Oh, well, this is a callable that takes these parameters and returns this.
And in fact, it's got a generic variable because I'm using it different times.
And if I genericize it, I can create one version of this instead of four.
And all of a sudden, you've refactored your code because you spent a little bit of time
thinking about the types.
And it's like, ha-ha, that's a win.
I mean, it's a bit of a religion.
You sort of need to have the problem, spend the time, come to the solution.
and then you're proselytizing for it.
But it's hard to say
what percentage of Django people
that applies to.
Well, so I have a question for the...
Go ahead, Paul.
No, no.
I stomped on your segue there.
Go ahead.
Well, I was going to ask
for the two of you.
So there's so many features
in PyCharm for Django.
How do you think about
prioritizing them
and when do you readjust
the top three, top five, right?
Because I assume
the first question is well what kind of programmer are you are you a student are you a professional
um so i guess you know you keep adding features but you still can only hit someone with like three
to five killer features what is that process like um because i imagine that's a challenge
uh that's that is actually a big challenge but um for one thing we have an open issue tracker
so it's always possible for users that have some have a need for some feature to come up to us and
say hey i would like to have this and we always look at what our users want we uh talk to people
at conferences we try to find out what the workflows are uh try to think about how we can
actually enhance it not just by because maybe there is a better way that would be
that would include this feature in it but would actually deliver more so we have a voting system
in our issue tracker so that's that's basically it so we we talk to people we encourage people
to talk to us about what they want
and try to stay up to date with what's going on.
And how do you take stuff out, right?
Because you don't want to be, sorry to interrupt,
you don't want to be AWS with 300 config options, right?
And that's always the challenge is you keep adding stuff.

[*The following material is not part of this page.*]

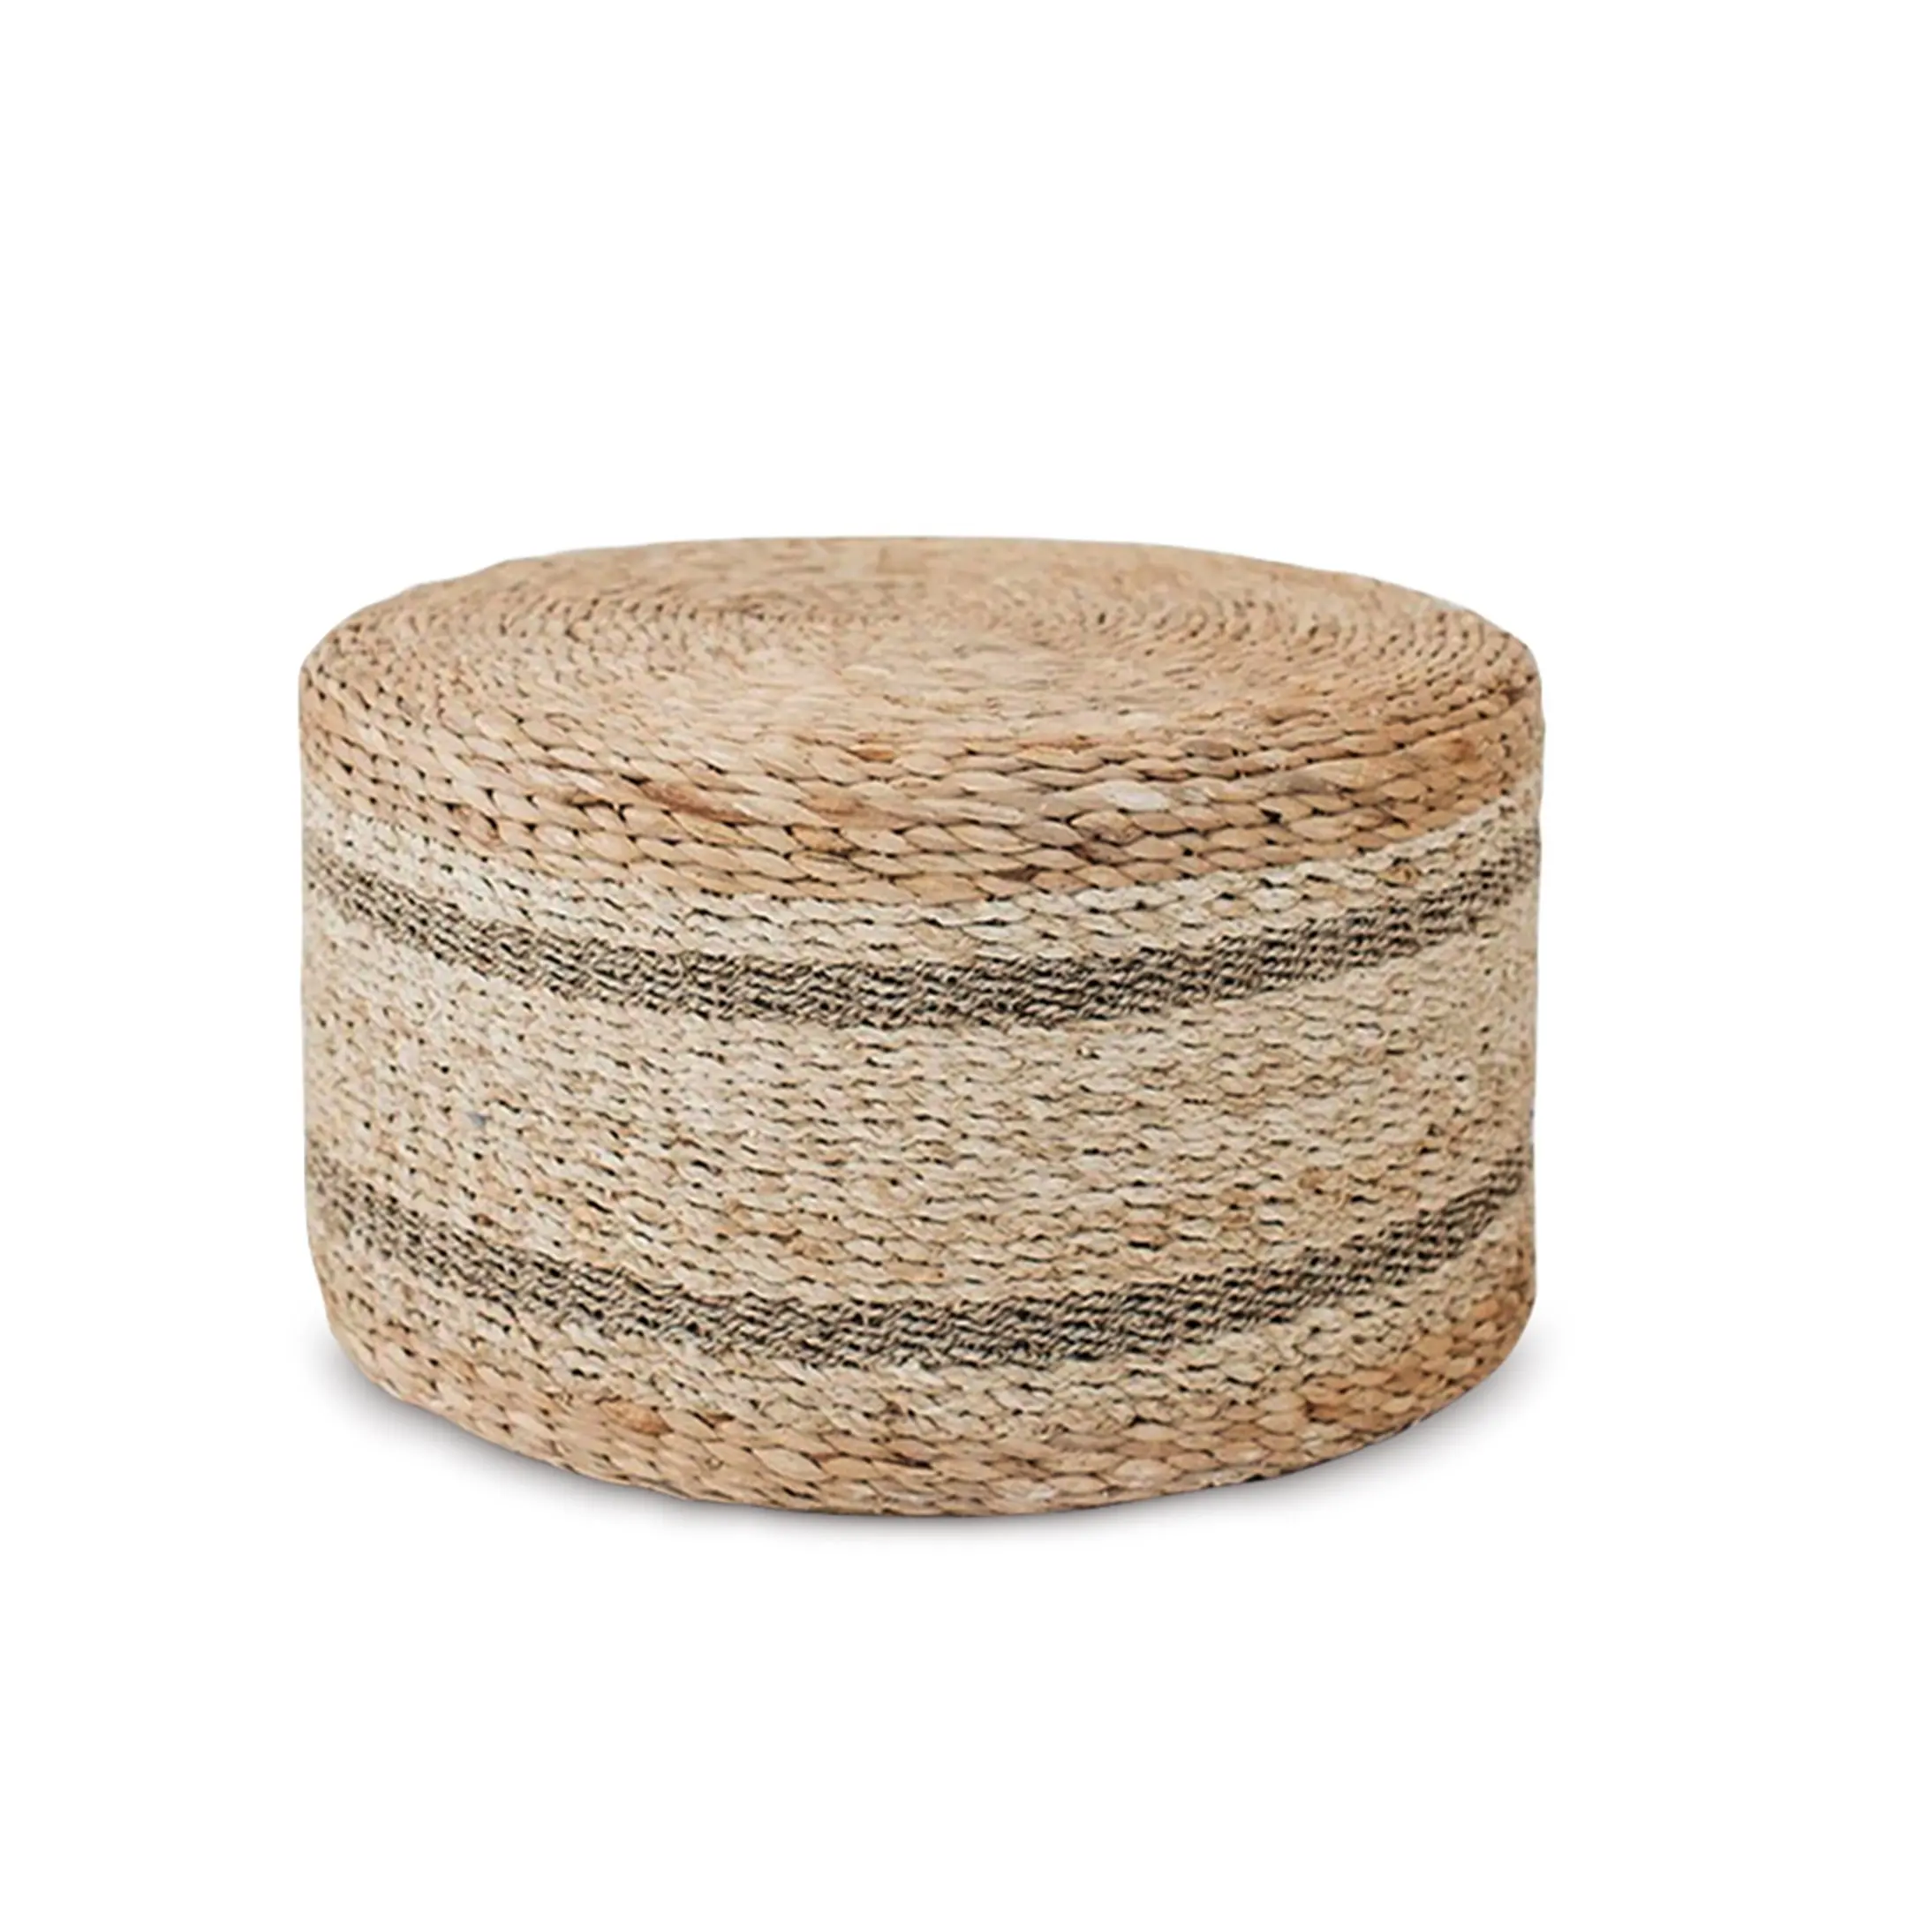 Best choice Pouf Espagne Mix Of Seagrass Water Hyacinth Adorable Interior Decoration Made in Vietnam

It's really hard to take something away.
But if you don't, then it's a bloated mess for a new person.
That's true.
I mean, this is indirect to anything.
I agree.
It's been a challenge for us,
and I would argue that it's still a challenge in some areas.
We still have some support for some things
that we would probably prefer to take out,
and I hope we would in the near future.
Usually when we remove stuff from PyCharm,
we extract it into a separate plugin,
And open source it if it wasn't already open source so that people who, yeah, so that people who still would prefer to use it can still do it.

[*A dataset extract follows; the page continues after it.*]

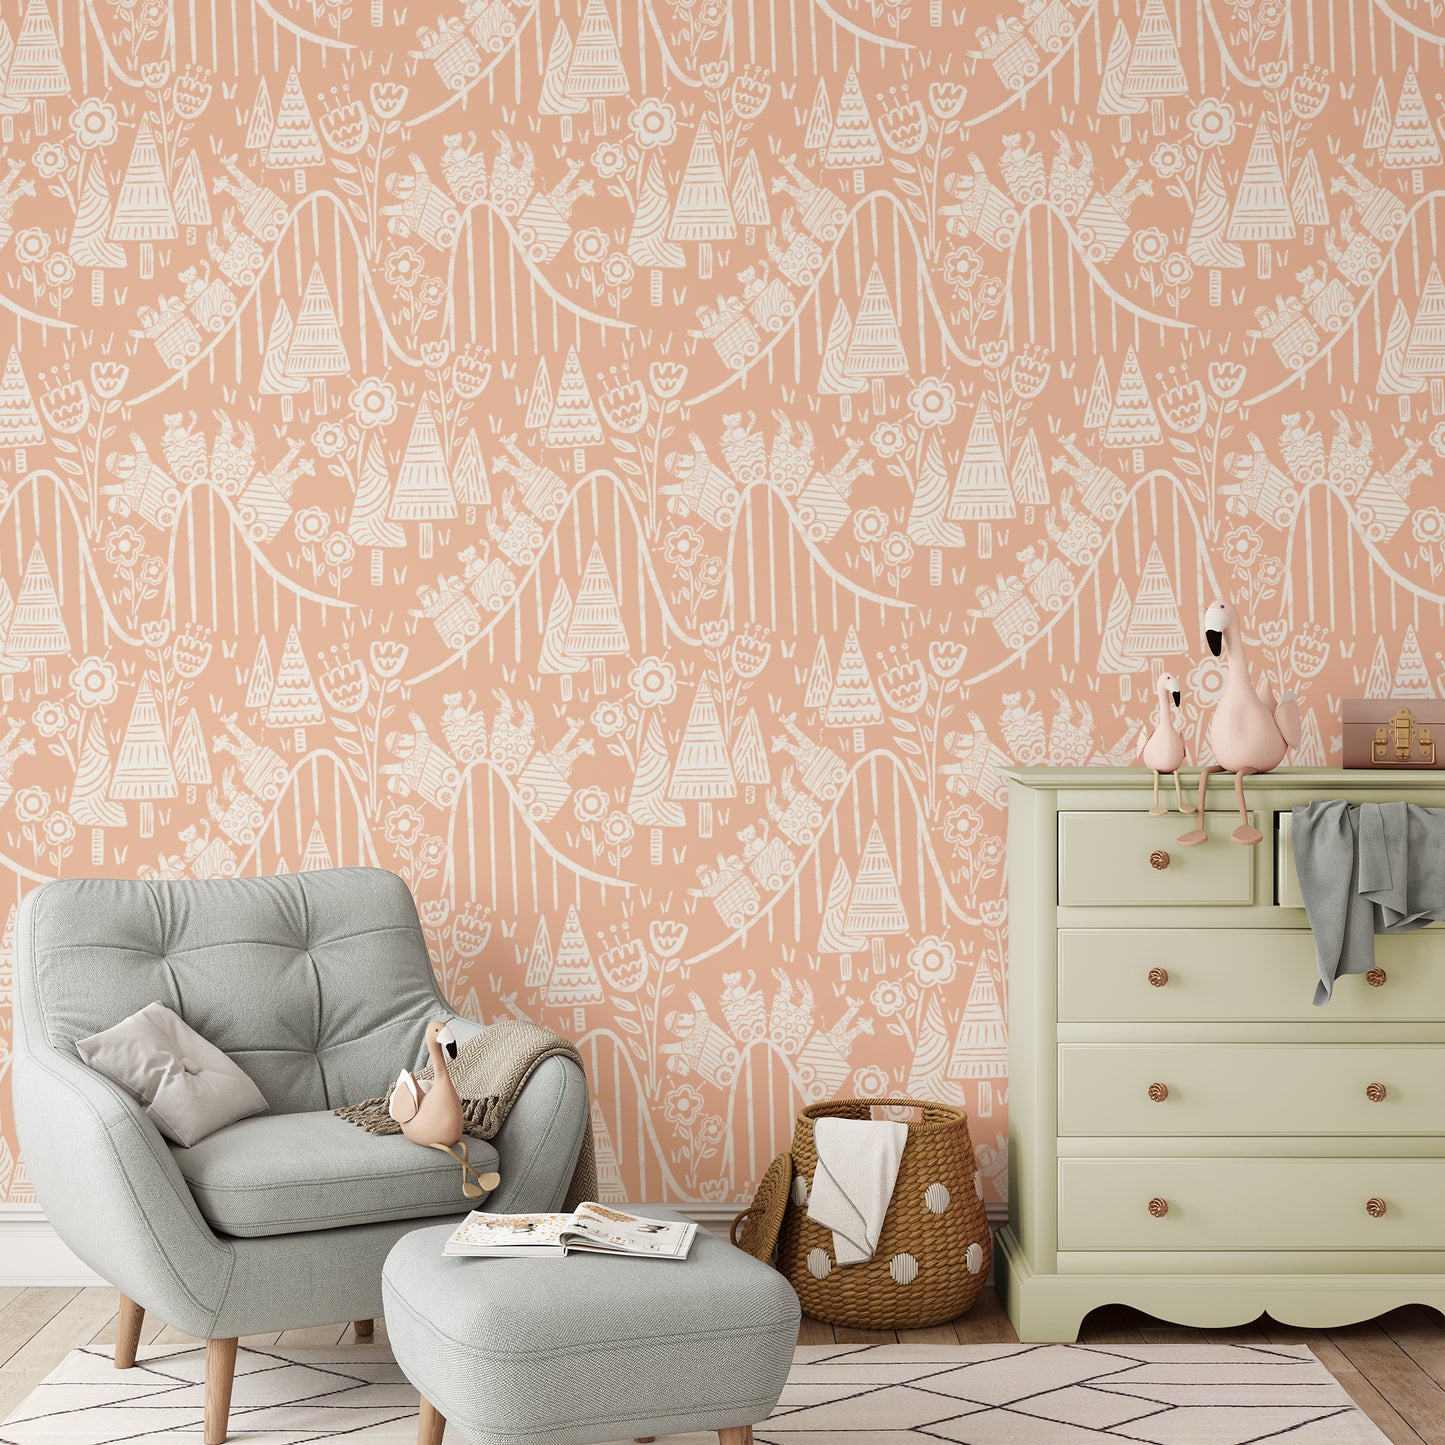 Houses Wallpaper in Apricot Background shown in a nursery.

And if I can add to that about how decisions are made about what to do, before each release cycle, there's a two-headed planning meeting, one a retrospective to look back at the previous release cycle, and then a planning the upcoming release cycle.
And they actually do produce a list of top tickets with votes.
And that is an important input to deciding what gets done.
But one of the things we're learning is that we have a lot of features.
We have a lot of features.
We could probably go and announce new feature in 2021.1, this thing we implemented five years ago.
yeah and people would probably it would probably probably could get away with that
so that's what you were saying alexi there's like so many hidden killer features but you can only
front page a couple to people exactly so we're going through a big effort in the company to
surface functionality to make it so you don't have to know it's there it presents itself to you
in a subtle non-irritating way at the right moment like clippy she didn't say clippy
yeah well carlton that's i mean so you know dealing with deprecations and stuff that's something
you know jango and you spend a lot of time on trying to get right yeah i mean you can't just
break stuff i mean you can't if you're jango you can't just as much as you want to right at night
you're just like i'd love to kill this thing there are bits yeah i take like the whole of um
django.core.mail i just like you know control delete that and that could be gone and people
find their own solution but we can't just we can't take that whole of django as much as i'd
like to so okay that that lives and we maintain it and we we keep it and we make a change there's a
the deprecation policy and the deprecation period and all of those things if you're a mature product
you you've got to you know you've got to maintain that um i mean you know so this has come up in the
typing conversation to just cut back there is we could make the types tighter in general you know
it's meant to be a a string you get here we could say yeah it should be a string and then drop the
or any but we can't do that because there are people relying on the fact that you know dark
typing works and blah blah so okay that won't change um i guess the same for if i was developing
an ide what would i think i mean sometimes i still use an editor right so my other thing that i use
is bb edit though i have it open all the time i use it for any number of reasons but one is it's
it's just an editor and sometimes you just want an editor um i don't know how do you
How do you maximize that kind of efficiency zone where you've got the features and you've, but you're not, you know, you're not like flying a 747.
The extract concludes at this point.